The workplace revolution prompted by the COVID-19 pandemic has become entrenched across industries, and asset management is no exception. KPMG's Asset Management Opportunities and Risks survey helps assess how top Canadian asset management firms are adjusting to today's evolving workplace and tight labour market.
Flexibility as a recruitment tool
Flexible work arrangements have long been a major draw for top talent across sectors. That criterion has only grown stronger since the pandemic proved beyond a doubt that remote work was possible and could be done well.
Almost all the Canadian asset management companies we spoke to are using hybrid work arrangements as a way to attract and retain talent.
While the bulk of asset management firms we consulted are using hybrid arrangements to recruit and retain quality personnel, many are also attracting staff with flexible work hours. Half are offering even more flexibility by introducing work from anywhere policies.
While some sectors have experienced layoffs in the past few months, it’s still a challenging labour market and competition is high. Business leaders recognize that they need to be responsive to employee demands to assemble and maintain a talented workforce.
Depending on position and seniority level, we may see employees start to self-select based on their personal preference for hybrid, office, or fully remote work and work experience. Asset managers facing a shrinking labour force in a tightening economy may choose to leverage flexible work arrangements to meet employee expectations without relying on salary increases.
Future benefits from a smaller real estate footprint
The "work-from-home" pandemic experience demonstrated one thing clearly to asset management firms across the country: it is not necessary to rent expensive downtown Toronto, Montreal, or Vancouver office space to carry out certain asset management functions. Many back-office tasks can be performed perfectly well remotely and companies are seeing significant costs savings from operating largely virtual or fully remote environments.
Whether firms retain their office spaces may ultimately depend on the size and number of employees. Given market conditions, for instance, a dichotomy may emerge between smaller shops that lean more fully towards the remote model to maximize cost savings, and larger shops that return key functions to the office. At the same time, those mid-size and larger companies will likely continue to explore digitalization for areas that are not core to their value delivery and reduce their real estate footprints accordingly. Areas that don't require physical presence or collaboration may be kept or made entirely remote, or even outsourced in cases where the function isn't integral to the corporate culture.

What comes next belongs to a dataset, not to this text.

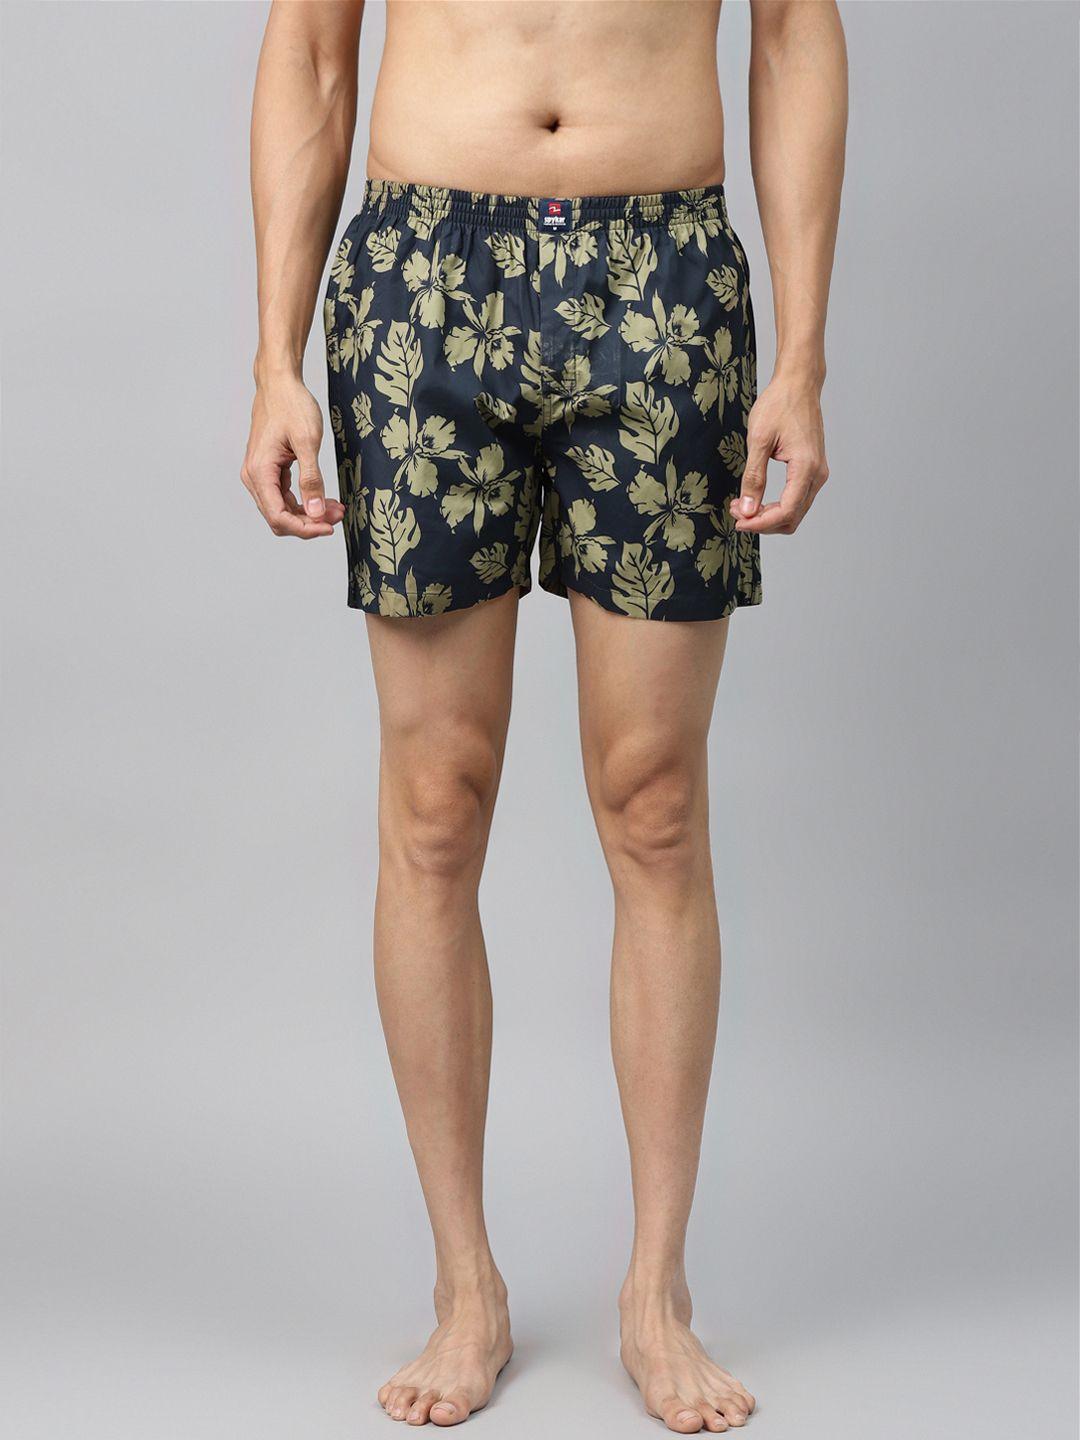 underjeans-by-spykar-men-olive-green-&-navy-blue-printed-pure-cotton-boxers

Hybrid arrangements: A work in progress
Many asset management firms are now deeply entrenched in the growing pains of operationalizing the shift across front, middle, and back offices. Some segments of the industry, including traders and investment bankers, remained in offices throughout the pandemic. Front office investment teams need to collaborate more fully and many have already, or will soon be, returning to the office.
Wherever people work in asset management – front, middle, or back office – they quickly grew accustomed to flexible work during the pandemic. Most firms are now introducing (or have introduced) hybrid arrangements to maintain company culture and balance internal needs alongside employees' shifting expectations, with slight differences in approach.
The majority of asset managers we consulted – over 80% – are now requiring workers to come in 1-3 days per week, but are split on whether those days can be chosen by the employee or are designated by the firm. The approach is largely the same for front, middle, and back office employees. A few companies have opted for fully remote or fully in-office work, though these are outlier positions.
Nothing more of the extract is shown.